Scientific Name | Dendrobates azureus | ||||
---|---|---|---|---|---|
CLASS | Amphibia | ORDER | Anura | FAMILY | Dendrobatidae |
Statistics | |||||
LENGTH | 1.5 in |
Description: Very varied, often very bright red, pink, blue, green, gold, purple with darker markings; some with flash colors around groin.
Range/Habitat: Central and South America from Costa Rica to southern Brazil. Poison frogs are among the most successful of tropical frogs in many regards, yet most species have very small geographical ranges.

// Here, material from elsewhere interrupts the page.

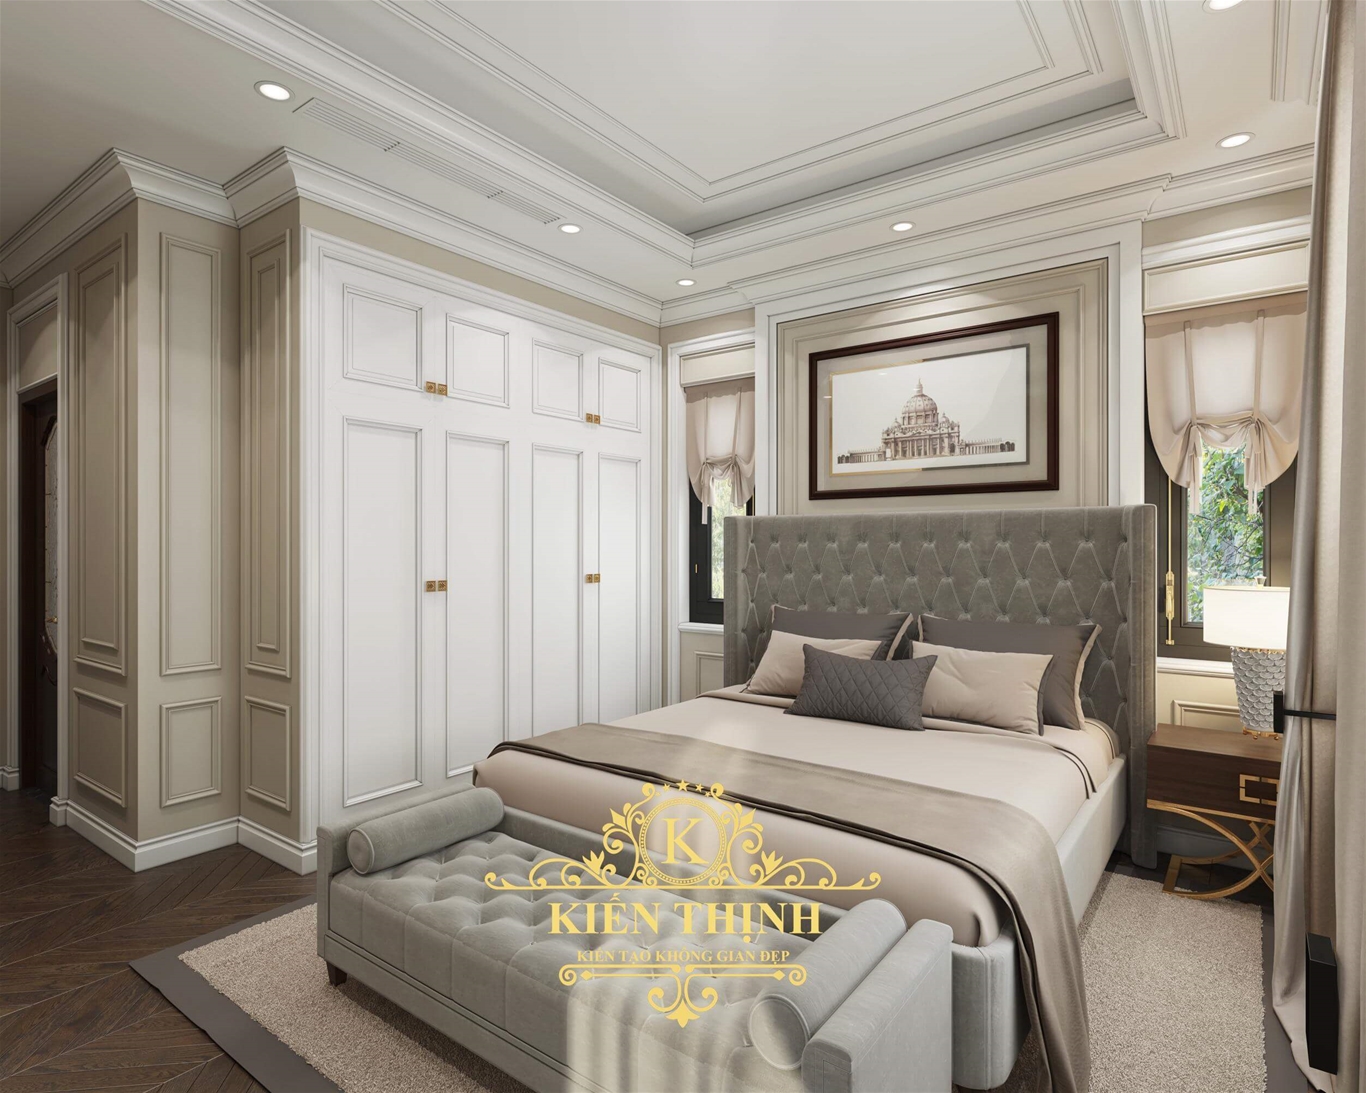  Mẫu thiết kế nội thất phòng ngủ biệt thự vườn phong cách hiện đại 2 tầng đẹp gây thương nhớ tại Quảng Trịt

Adaptations: Poison frogs have few predators, and for good reason. Instances are known where a snake has been seen to bite into a poison frog, only to immediately release it (spit it out, actually) and begin to rub the lip scales on the ground while writhing about in obvious pain. Occasionally the snake predator became comatose for several minutes or even hours if it bit into a particularly toxic species of poison frog, while the frog itself just hopped or walked away virtually unharmed except for a few shallow bite marks.
The presence of skin toxins has directed the lives of poison frogs. Because they lack predators they can be active during the daytime, allowing males to establish long-term territories from which they call to attract females.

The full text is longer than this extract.